When should I train my own models and when should I use pretrained models?


Is it recommended to train my own models for things like sentiment analysis, despite only having a very small dataset (5000 reviews), or is it best to use pretrained models which were trained on way larger datasets, however aren't "specialized" on my data.

Also, how could I train my model on my data and then later use it on it too? I was thinking of an iterative approach where the training data would be randomly selected subset of my total data for each learning epoch.


Solution

  • I would go like this:

    • Try the pre-trained model and see how it goes
    • If results are non satisfactory, you can fine tune it (see this tutorial). Basically, you are using your own examples to change the weights of the pre-trained model. This should improve the results, but it depends on how your data is and how many examples you can provide. The more you have, the better it should be (I would try to use 10-20k at least)

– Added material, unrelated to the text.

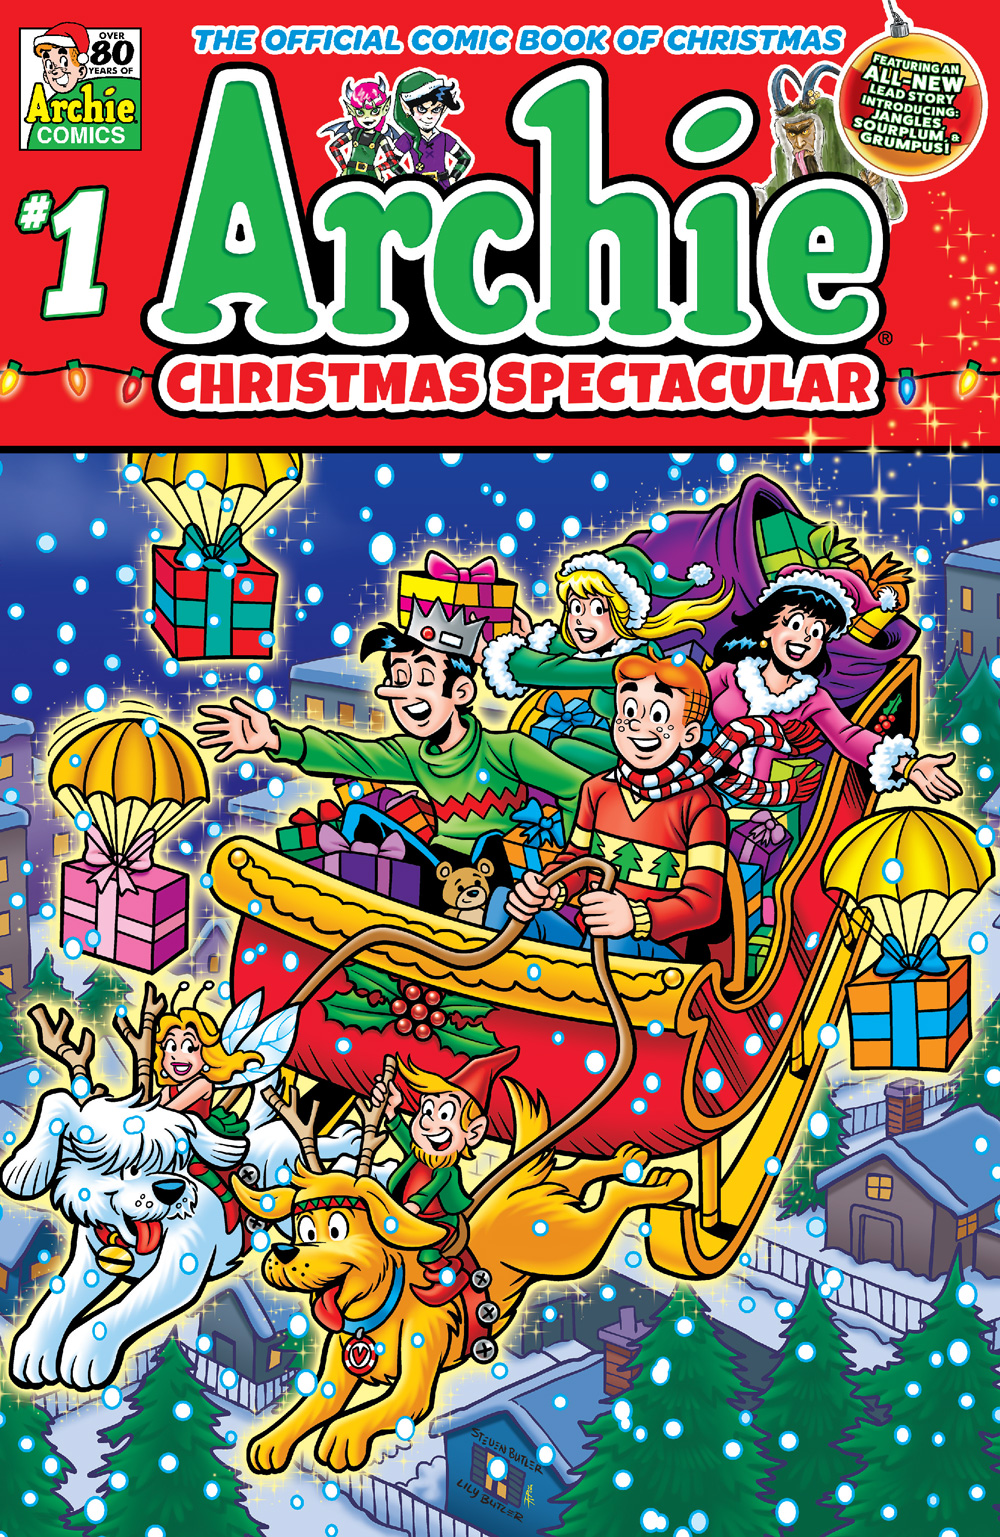 The cover of ARCHIE CHRISTMAS SPECTACULAR. Archie and all of his friends ride in Santa's sleigh at Christmastime, with Jingles the Elf and Sugarplum the Fairy.

    Also, how could I train my model on my data and then later use it on it too?

    Be careful to distinguish between pre-train and fine-tuning.

    For pre-training you need a huge amount of text (like billions of characters), it is very resource demanding, and tipically you don't want to do that, unless for a very good reason (for example, a model for your target language does not exist).

    Fine-tuning requires much much less examples (some tents of thousands), it take tipycally less than a day on a single GPU and allow you to exploit pre-trained model created by someone else.

    From what you write, I would go with fine-tune.

    Of course you can save the model for later, as you can see in the tutorial I linked above:

    model.save_pretrained("my_imdb_model")